Timbilla “played really good defense, got big boards, scored for us and then got some huge blocks,” Dawley said.

With the win UMass moved to 2-0 in games in which Timbilla records a double-double.

Even in the Minutewomen’s follow-up loss to the RedHawks, Timbilla drew the praise of her coach with a 7-point, 15-rebound effort at Miami.

“I saw just great effort (and) fight,” Dawley said. “Fifteen rebounds is huge.”

Still, the freshman forward has room to grow. In addition to her already-polished resume, Timbilla can also claim some less than impressive numbers, including a team high 3.9 turnovers per game and a 47.6 free throw shooting percentage. She’s also fouled out of four of UMass’ eight games.

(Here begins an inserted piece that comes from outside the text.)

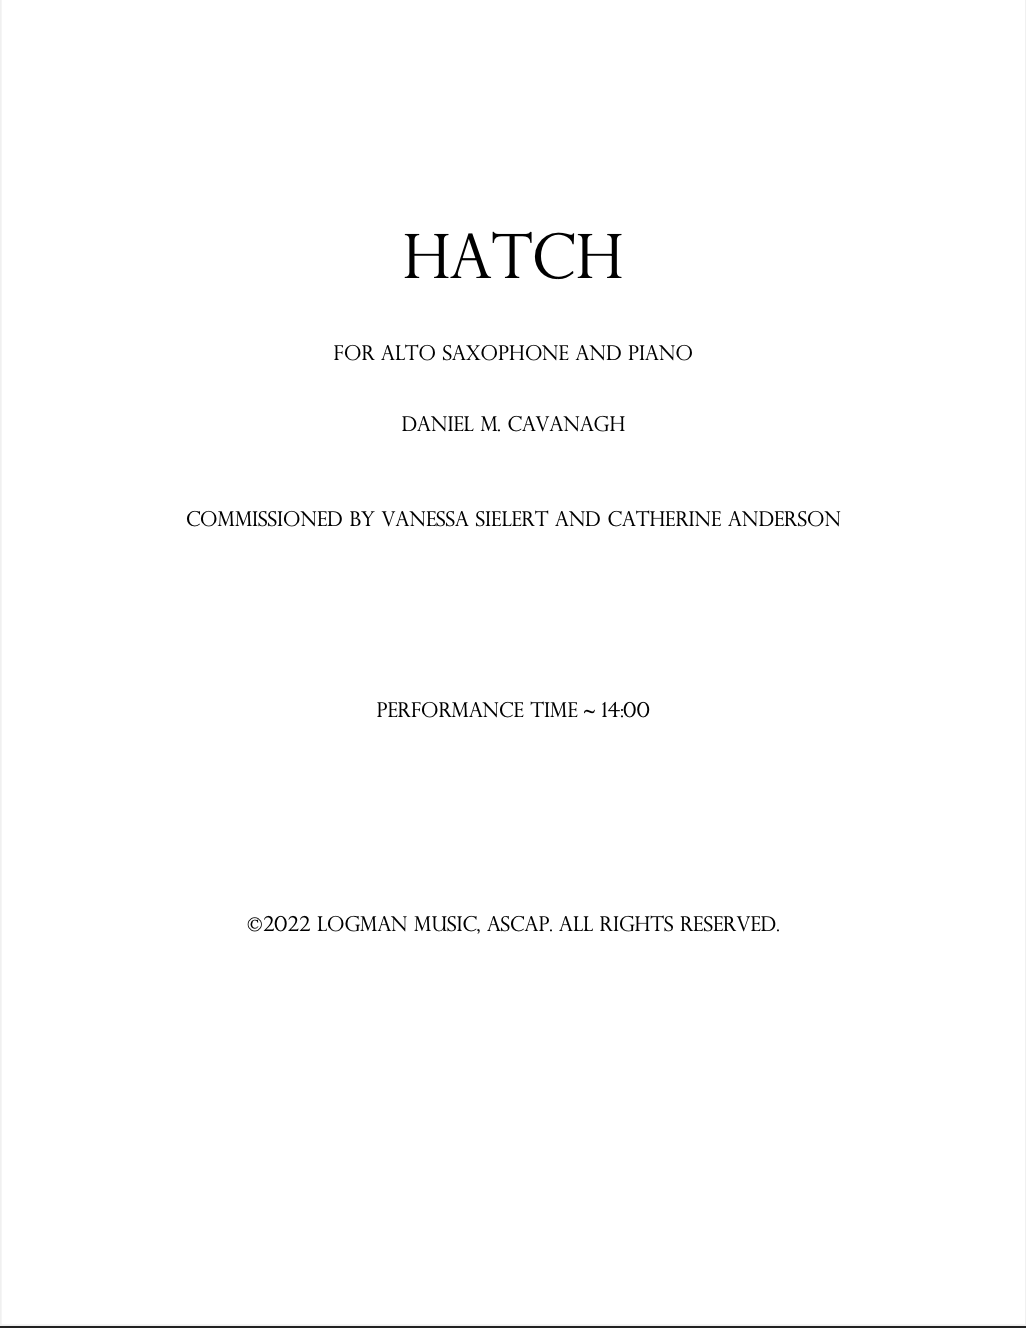 Hatch by Dan Cavanagh

Dawley chalks Timbilla’s over-zealous struggles up to freshman nerves and growing pains. Even so, the Minutewomen hope Timbilla’s development continues by becoming even more aggressive on the floor.

“What we need from her is to look for her own on offense a little bit,” Dawley said. She’s a phenomenal distributor, which is great, but when, say, (sophomore Emily Mital) has hit a cold spot, we need Rashida to maybe to look for her own a little bit. If we could go back and play that game (against Miami) and Rashida shoots maybe five more times, maybe it’s a different outcome.

“But she’s a freshman; she’s learning the game,” she said. “She’s learning how to play under pressure and 15 rebounds is remarkable.”